My TL;DR:
In this country, most cows and cattle are now being kept in big barns for at least part of the year, and at least a fifth of them are kept indoors all year round.
A recent estimate was that over 1,000 ‘megabarns’ have been built in the last few years for a variety of livestock. They do not need planning permission.
Instead of the cows, there are great black bales scattered over the fields. Just about every field is now cut many times a year – but not for hay. It is all turned into silage (compressed fermented fodder).
Massive machines now make about four cuts a year, five in some years. Grass cuttings are wrapped in plastic, the huge black bales left in many a field.
Cattle are given pre-prepared quantities of feed and monitored for every drop of milk produced, or every ounce of beef. The aim is to make them as ‘efficient’ as can be, with no walking in and out for milking to waste their energy.
There is a government code on welfare, but it is quite vague and refers only to ‘enough space’ for cattle to do this and that, nothing about being able to go outdoors. There is no ‘grazing only’ label.
It seems curious that there is not the same level of concern about the ‘factory’ conditions for beef and milk production as there is for poultry
Some additional interesting info:
£1.5bn worth of cattle feed is imported per annum, the two main types being maize and soy. Some £800mn worth of each comes into the UK every year mostly to feed these cows and cattle.

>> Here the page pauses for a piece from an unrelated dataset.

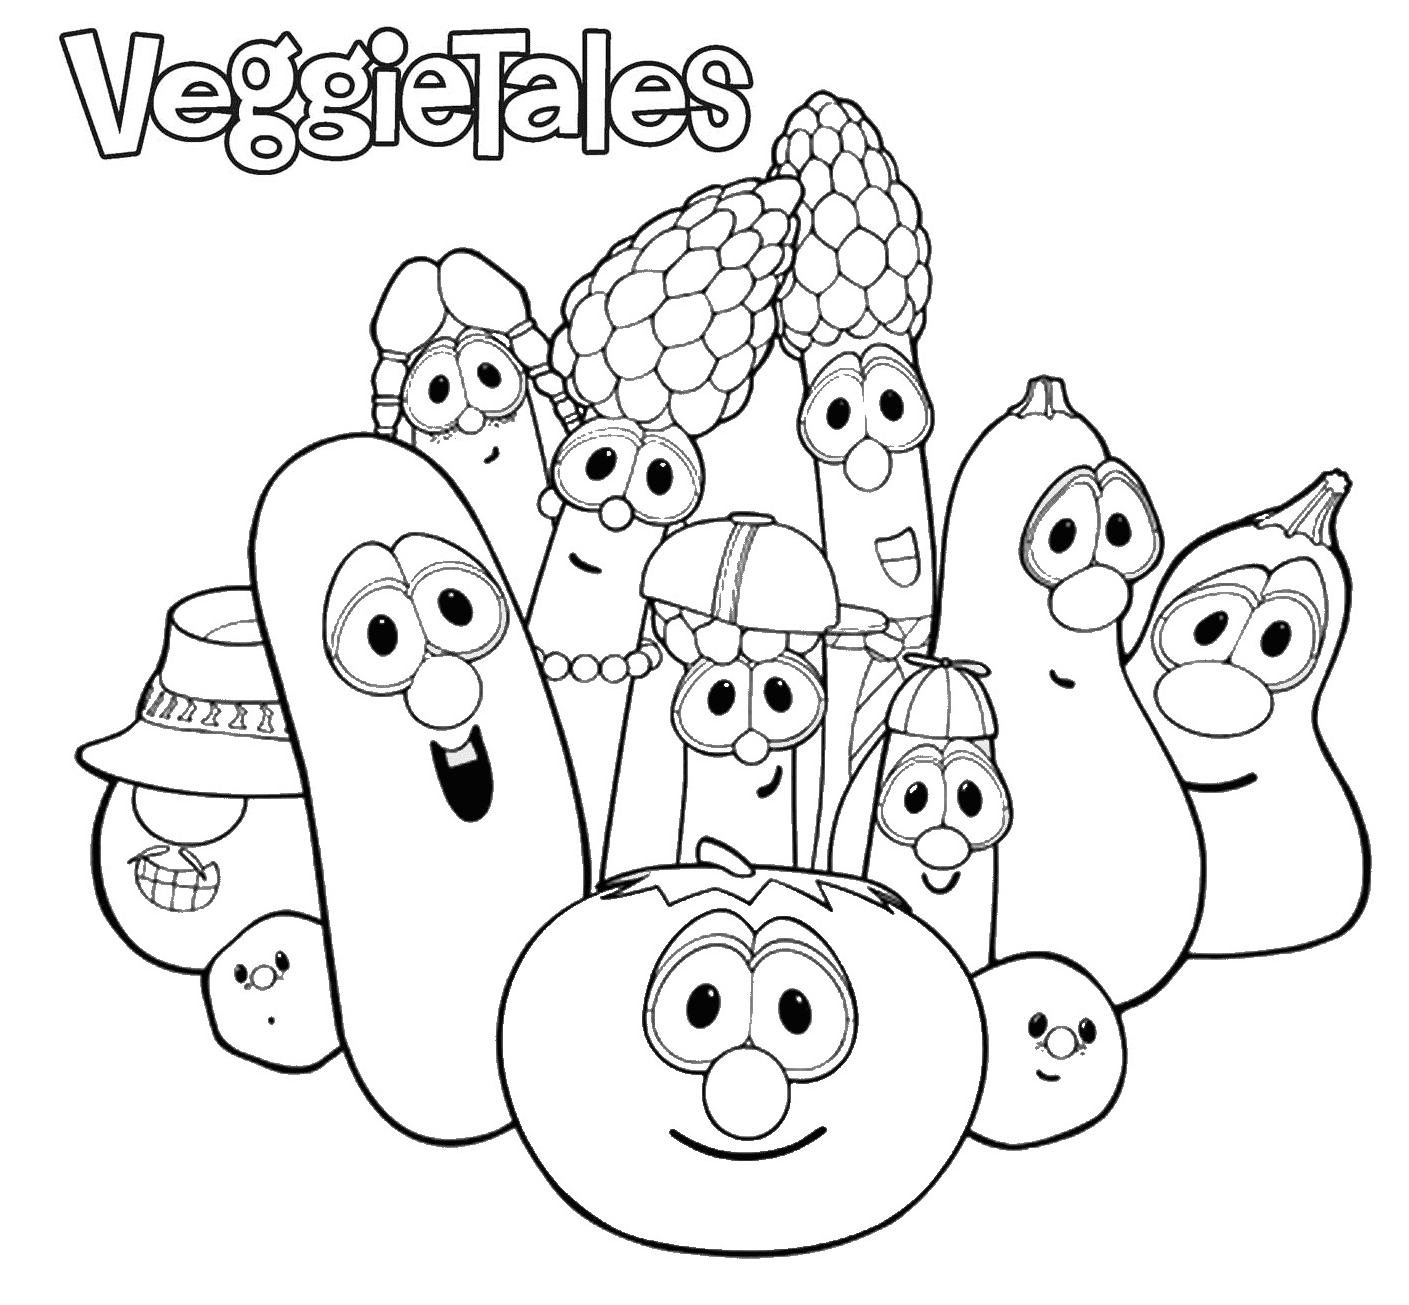 VeggieTales von VeggieTales
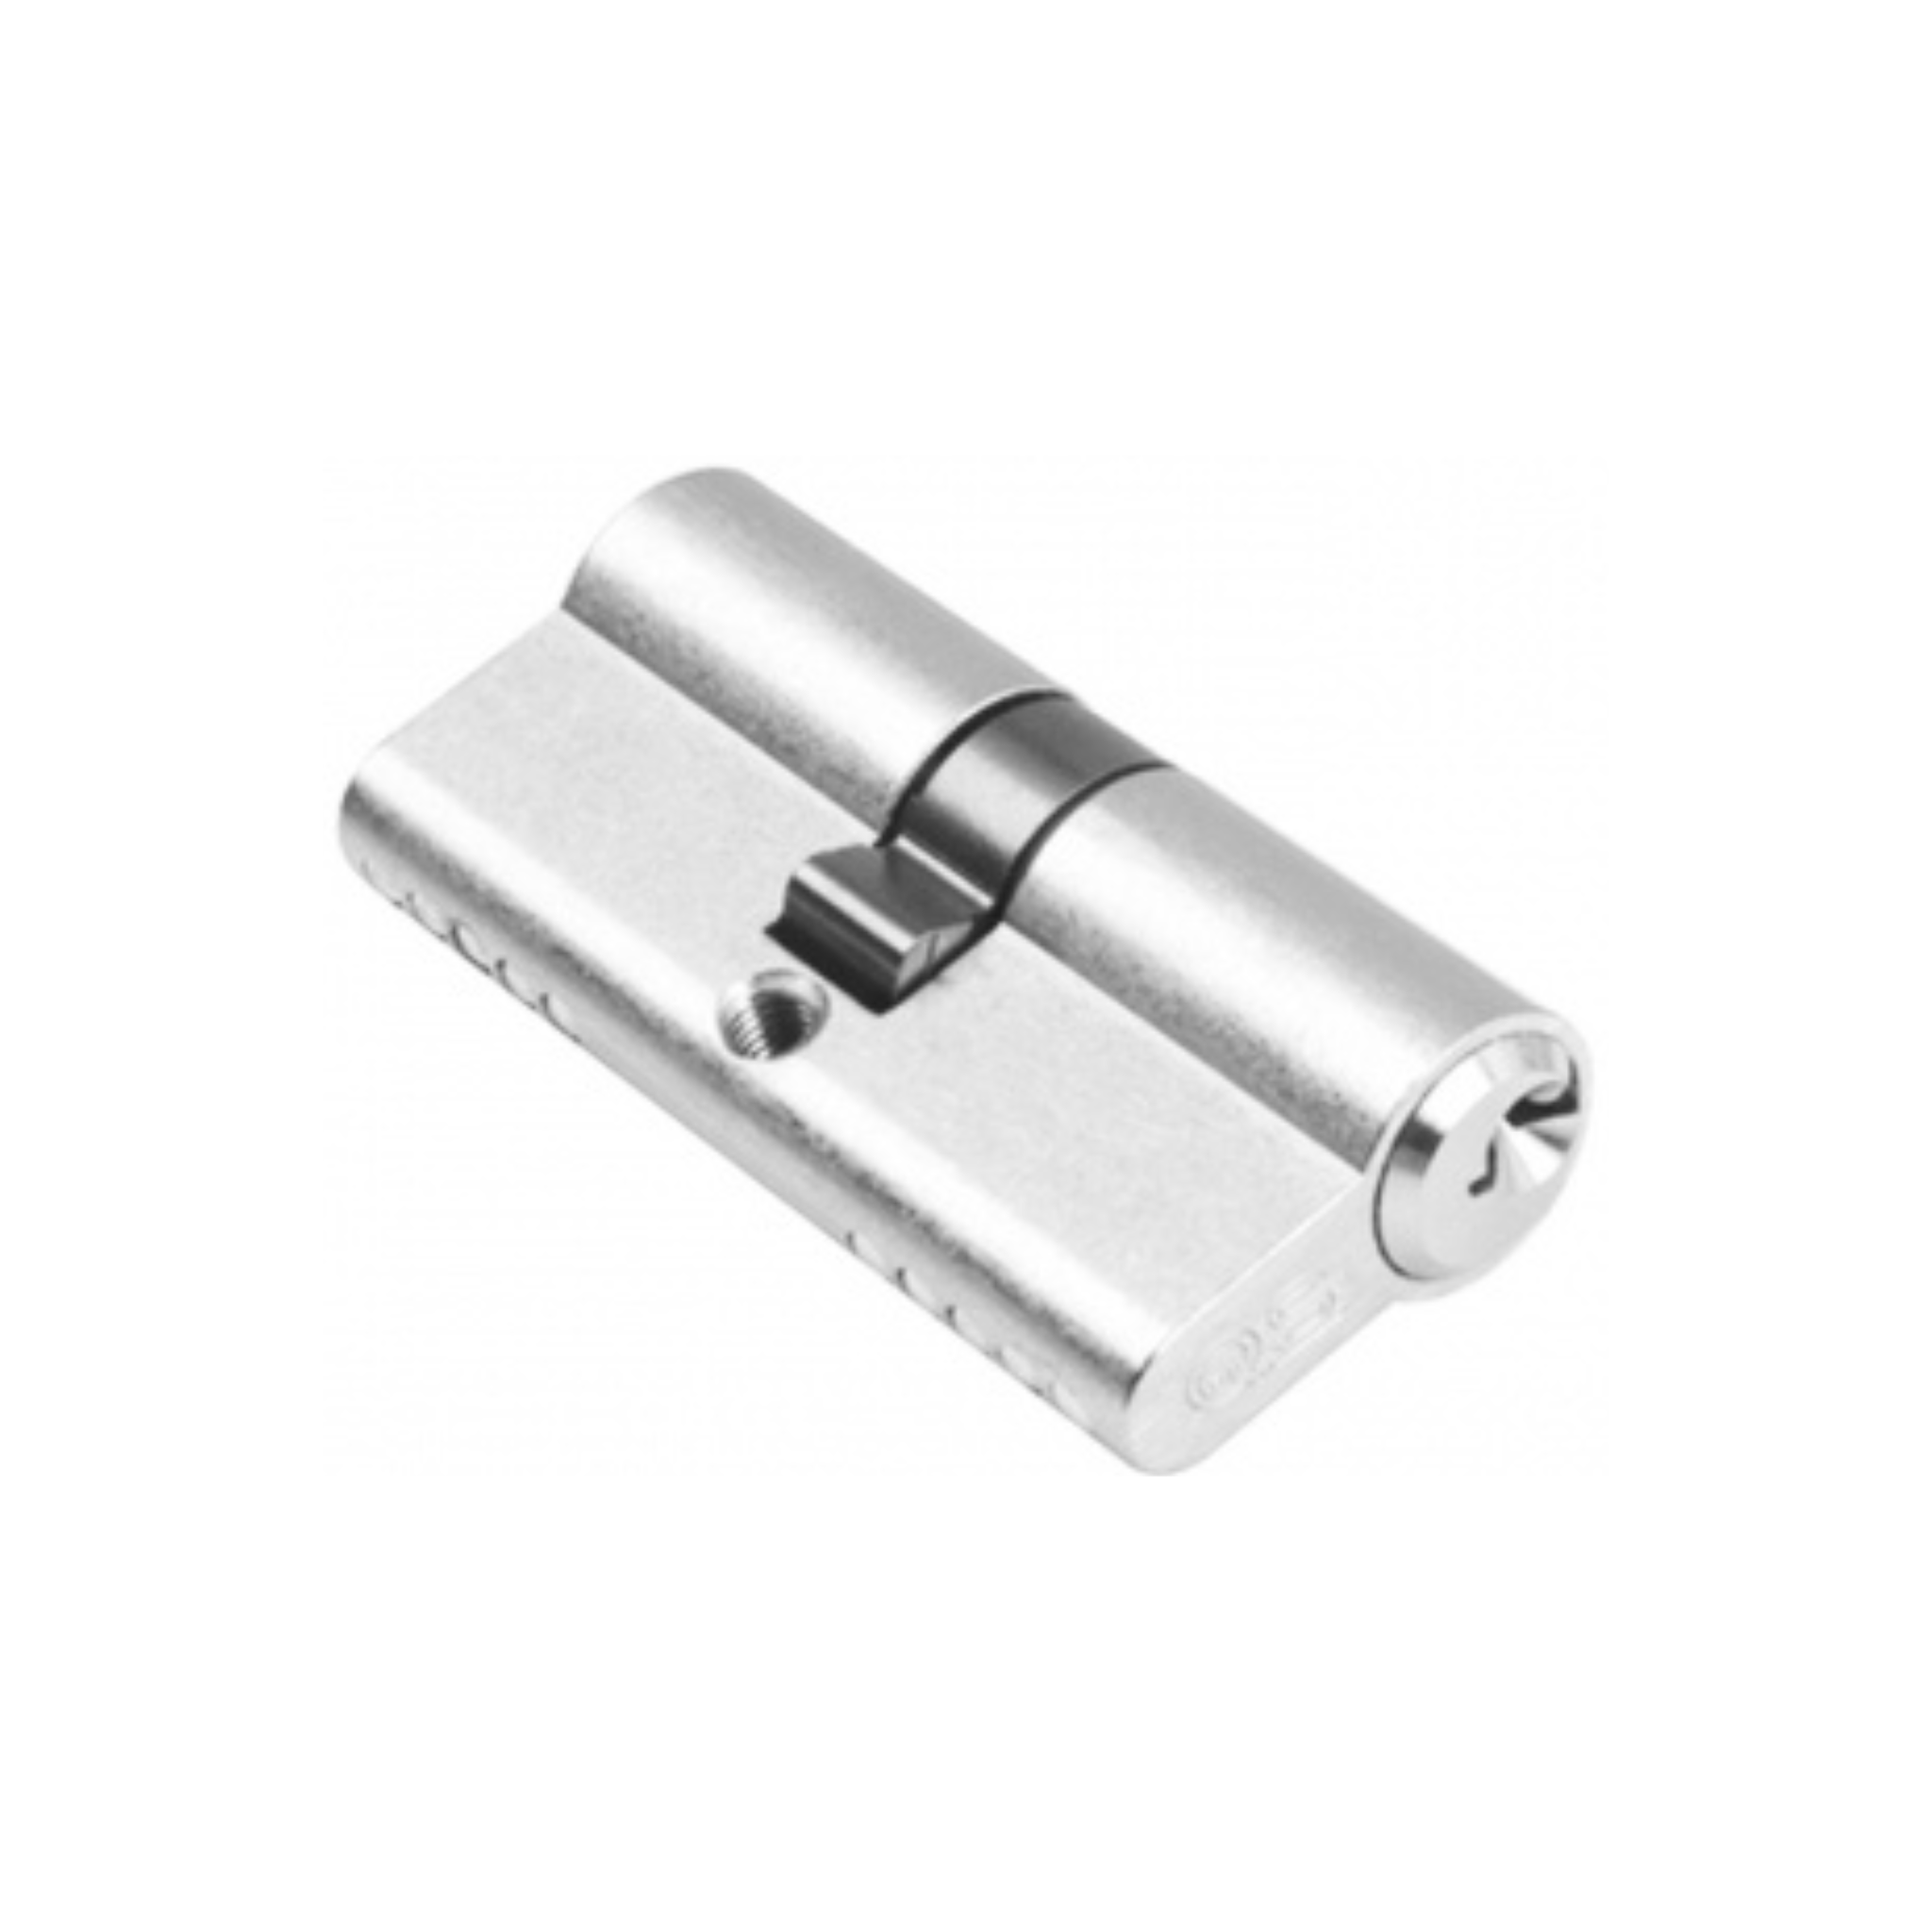 QS1104SN, 66mm - 33/33, Double Cylinder, Key to Key, Keyed to Differ (Standard), 3 Keys, 5 Pin, Satin Nickel, QS

Any beef or milk produced like this, whether using imported or home-grown feeds, can and does claim to be ‘British’ and as such much of it gets approval from the Red Tractor scheme.
Eugh, there’s always a way for capitalism to make things even worse … In ten (20, 50) years hopfully they’ll find out that happy cows (= cows being outside) give more milk and get sick less. Pretty sure I’ve seen a documentary about this a while ago.